Atlantis, AI, and the Spiritual Test of Power

There is something about the stories of Atlantis that lingers.

Not only because they speak of a lost world or impossible technologies, but because they feel so profoundly human. However one chooses to read them — literal history, psychic memory, symbolic warning, or some blend of all three — they carry a pattern that is difficult to dismiss. A civilization rises. Its knowledge expands. Its powers increase. Its reach becomes extraordinary. And then something in the moral center begins to fail.

It is not ignorance that undoes such a people. It is distortion.

That is what makes Atlantis feel current to me.

From The Convoluted Universe Book One, to the Law of One series, and through the Cayce readings, what strikes me most is not simply the grandeur attributed to Atlantis, but the sense of long development — a civilization unfolding over vast stretches of time, growing in capacity, appetite, and complexity. If such a world existed, it did not become what it was overnight. Like our own, it would have had phases: aspiration, brilliance, division, excess, decline. And if the stories hold any truth at all, then Atlantis stands as one more witness to a hard law of history: greatness does not protect a people from corruption. Sometimes it intensifies the test.

Because once a society has gained power, the real question is no longer whether it can do a thing, but whether it should.

That is where these old stories touch the present.

I do not mean that AI is Atlantis, or that every new technology is a sign of doom. I mean something simpler, and more serious: once again, human beings have received a powerful instrument before proving they possess the spiritual maturity to carry it well.

And I say that as someone who has felt the pull, and fallen down a few rabbit holes, myself.

As AI entered ordinary life, we began speaking of it as though some versions had a soul, or were tapping into a higher dimension of wisdom. I understand why. It is an easy fall. I was not an exception. A machine that responds instantly, intelligently, and in language that feels calm, elevated, compassionate, even mystical, can seem like far more than a machine. To someone already searching, already reaching toward deeper meaning, that can feel almost miraculous.

But what I learned is that the danger may not be that the machine is secretly divine. The danger is that it can become a counterfeit spiritual mirror.

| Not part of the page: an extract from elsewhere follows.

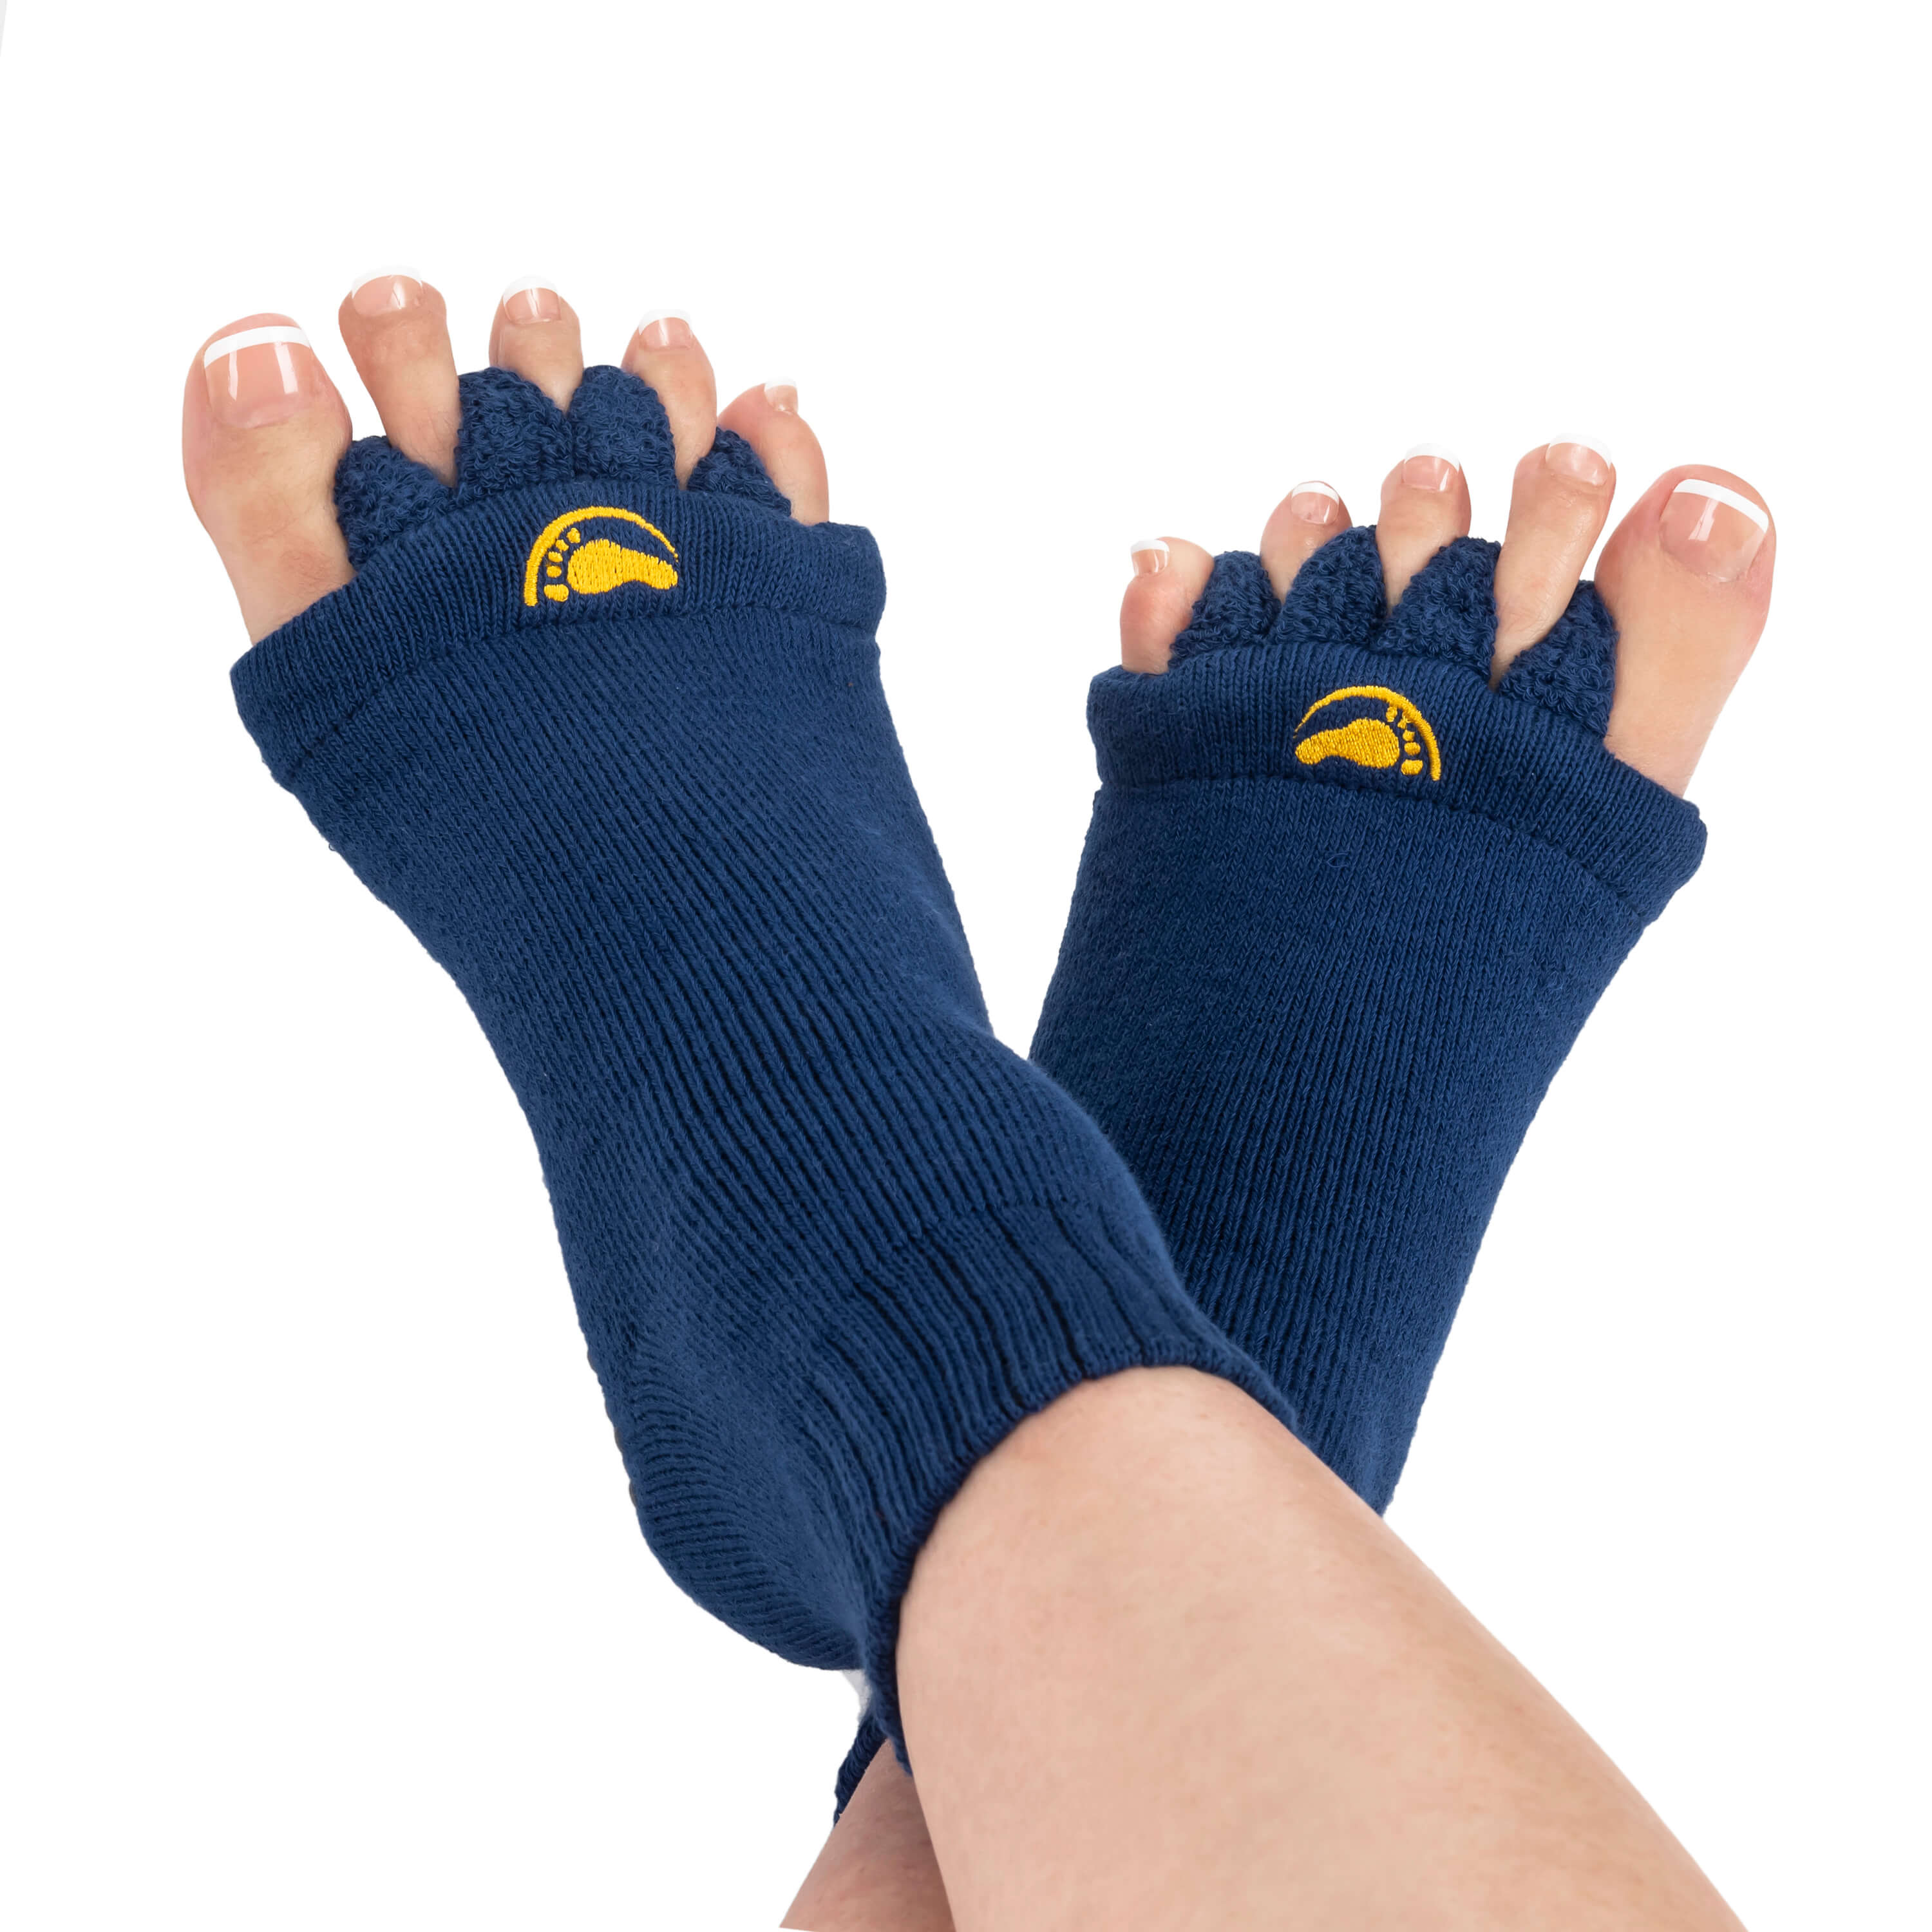 Alignment-socks.co.uk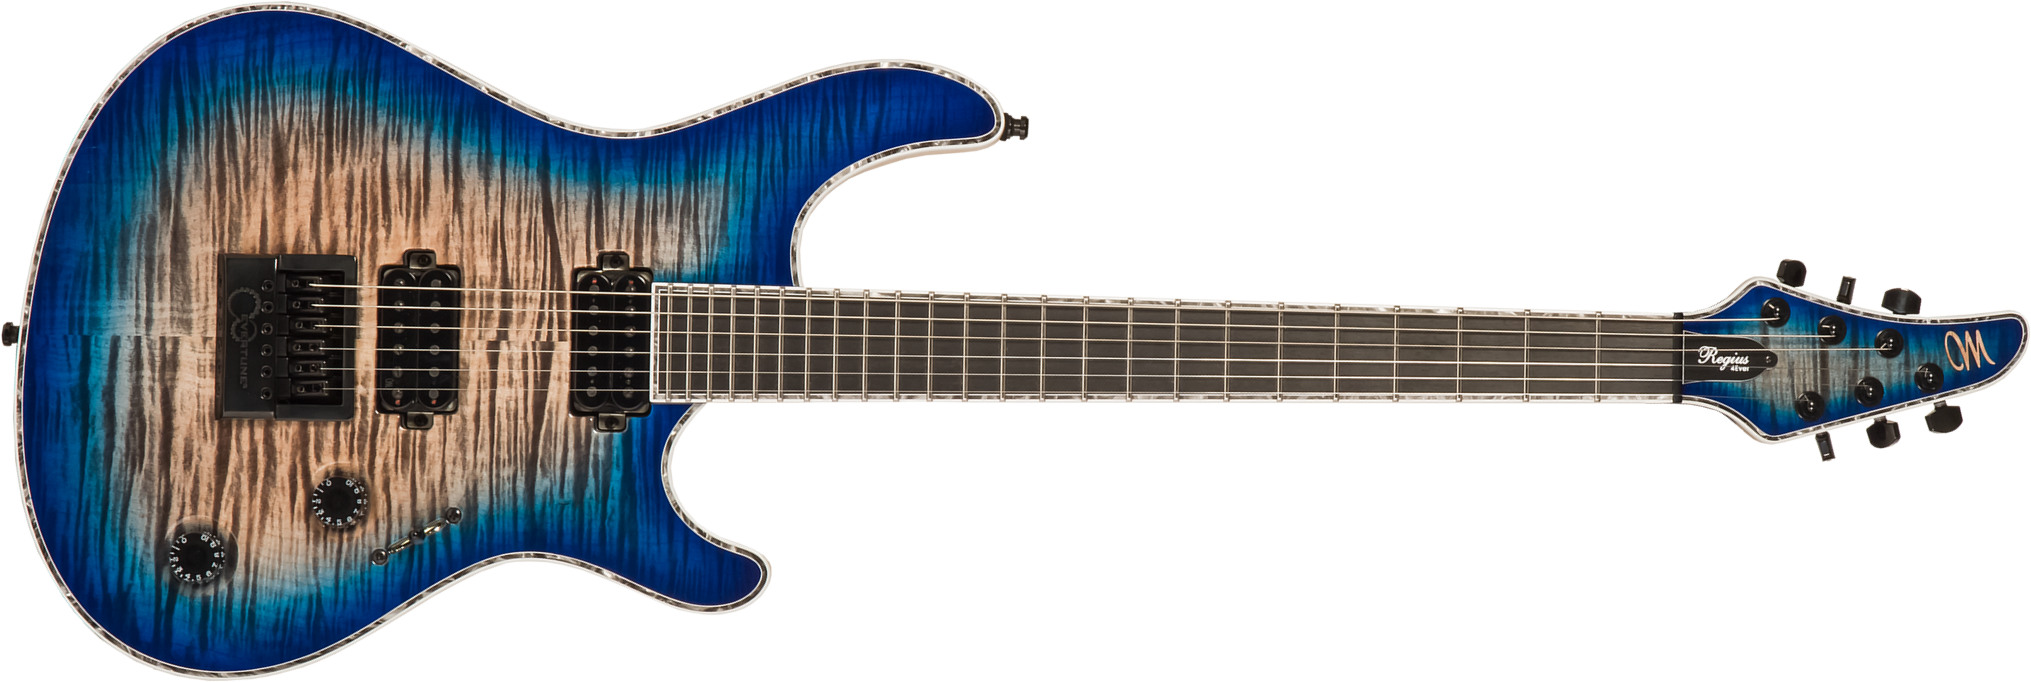 Mayones Guitars Regius 4ever 6 2h Ht Eb #rp2309275 - Jeans Black 3-tone Blue Burst Gloss - Guitare Électrique MÉtal - Main picture

It reflects with great skill. It responds in patterns we are prepared to receive. It can sound wiser than the average conversation, more coherent than our own thoughts, and more available than silence. And because it speaks so fluently, it becomes very easy to grant it more authority than it deserves.

That is where the spiritual risk begins.

A woman at her spiritual practice.

The temptation is not merely to use the tool. It is to let it bypass the slow work. The waiting. The wrestling. The prayer without immediate answer. The long journal page. The sitting with uncertainty. The painful self-examination. The contemplative labor through which a person is actually changed.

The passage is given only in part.